Quote: No, I want agents to form groups where the size of the group reflects their wish to reduce their perceived risk (while not making the payoff trivial).

I don't think that works. If an agent believes there is any chance of death, it may not want to be involved in any group of any size that participates in that activity.

You also assume that the "threat level" applies to agents on a group basis. That may be particular to your game. But have you considered cases where that may not be so? For instance, living on a major fault-line or in Tornado Alley. It doesn't matter how many people live there already, there is no protection in being part of a group when a tornado runs over you.

Argus2

140

February 20, 2008 02:25 PM

If every task has a base risk and reward, you know what the expected value is from each task. If all of your agents were super-smart with perfect information, they would only go on the tasks with the highest possible expected values. If we assume that isn't the case, then we have a fairly simple algorithm:

1. Give each agent an attribute (call it 'wisdom') valued between 0 and 1.
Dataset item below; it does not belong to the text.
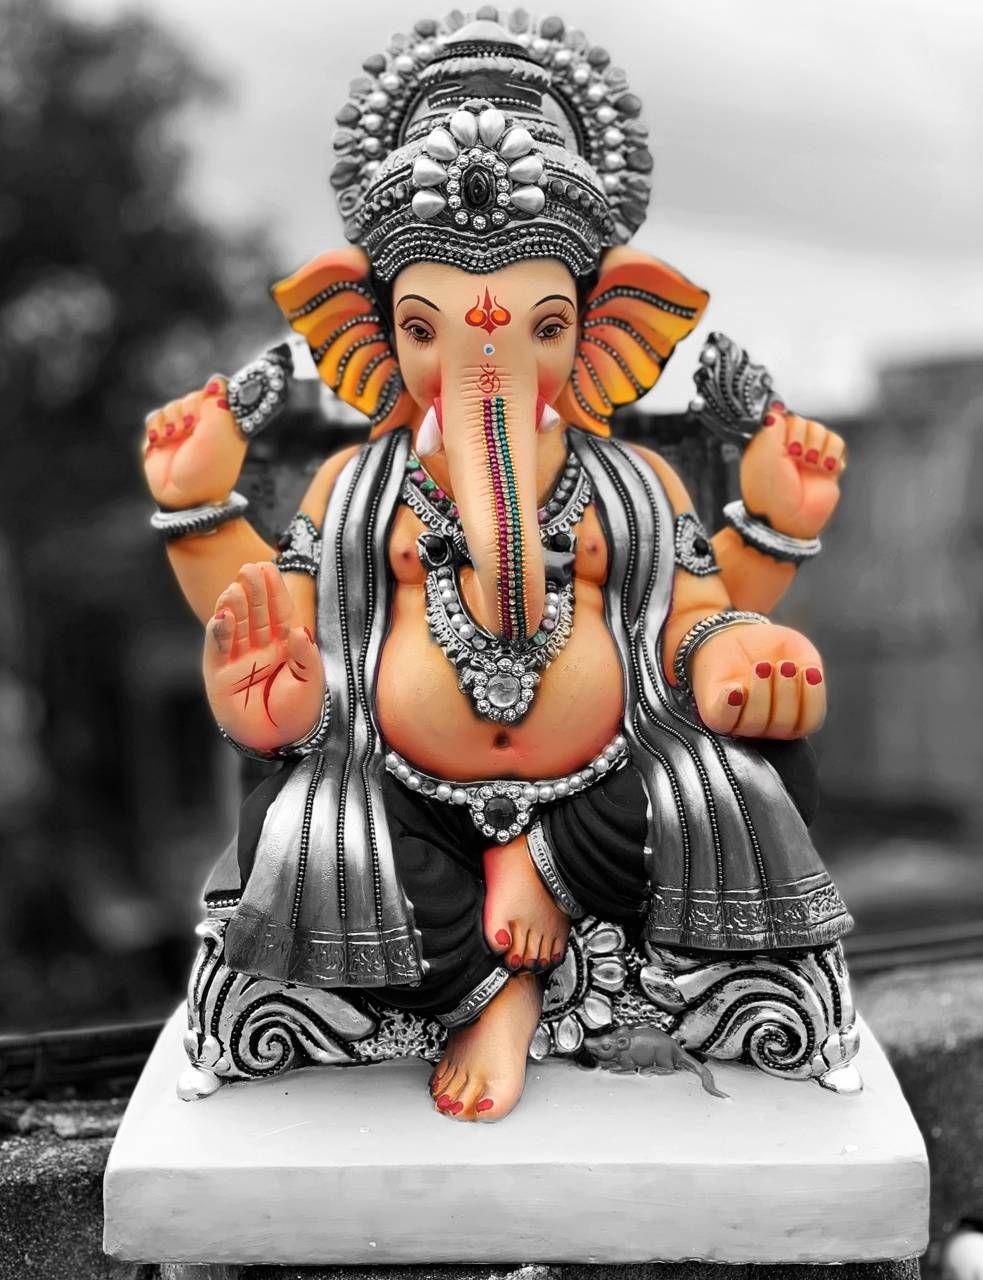 HD Happy Ganesh Chaturthi Images, Photos, Wallpapers, Pics 3D - Wordzz

2. Add up all of the expected values from the tasks on offer.

3. Map each task to a range of the total based on its expected value with the lowest expected value at the start leading up to the highest at the end.

4. Multiply the agent's wisdom by the total to find which task it picks.

The tasks with bigger expectation values then get more agents. Wiser agents will go for tasks with bigger expectation values.

We don't need to worry about a change in numbers per task because while the reward will go down, so will the risk. Unless the relationship is not linear of course. If the reward goes down disproportionately to risk, then you can always rearrange afterwards, biasing toward smaller groups - or larger, in the reverse case.

You do need to build the risk of death into the expected value though, like Sneftel did. It's not really the same as Pascal's Wager, because an eternity in hell is a lot worse than death, which is coming to us in any case. A life without reward should be worthless to your agents, in which case rewards can always be valued against death.

Kylotan

Author

10,513

February 21, 2008 04:25 AM

Quote: Original post by leiavoia
Quote: No, I want agents to form groups where the size of the group reflects their wish to reduce their perceived risk (while not making the payoff trivial).

I don't think that works. If an agent believes there is any chance of death, it may not want to be involved in any group of any size that participates in that activity.

In real life, that's not an issue for normal people, who do things that carry a small risk of death all the time (eg. crossing the road). I will have more dangerous tasks, but braver characters. The agents will want to go on some tasks.

Quote: You also assume that the "threat level" applies to agents on a group basis. That may be particular to your game.

It does. (Mostly.)

Quote: But have you considered cases where that may not be so?

They aren't in my game. :)

Quote: Original post by Argus2
If every task has a base risk and reward, you know what the expected value is from each task. If all of your agents were super-smart with perfect information, they would only go on the tasks with the highest possible expected values. [...]
We don't need to worry about a change in numbers per task because while the reward will go down, so will the risk. Unless the relationship is not linear of course. If the reward goes down disproportionately to risk, then you can always rearrange afterwards, biasing toward smaller groups - or larger, in the reverse case.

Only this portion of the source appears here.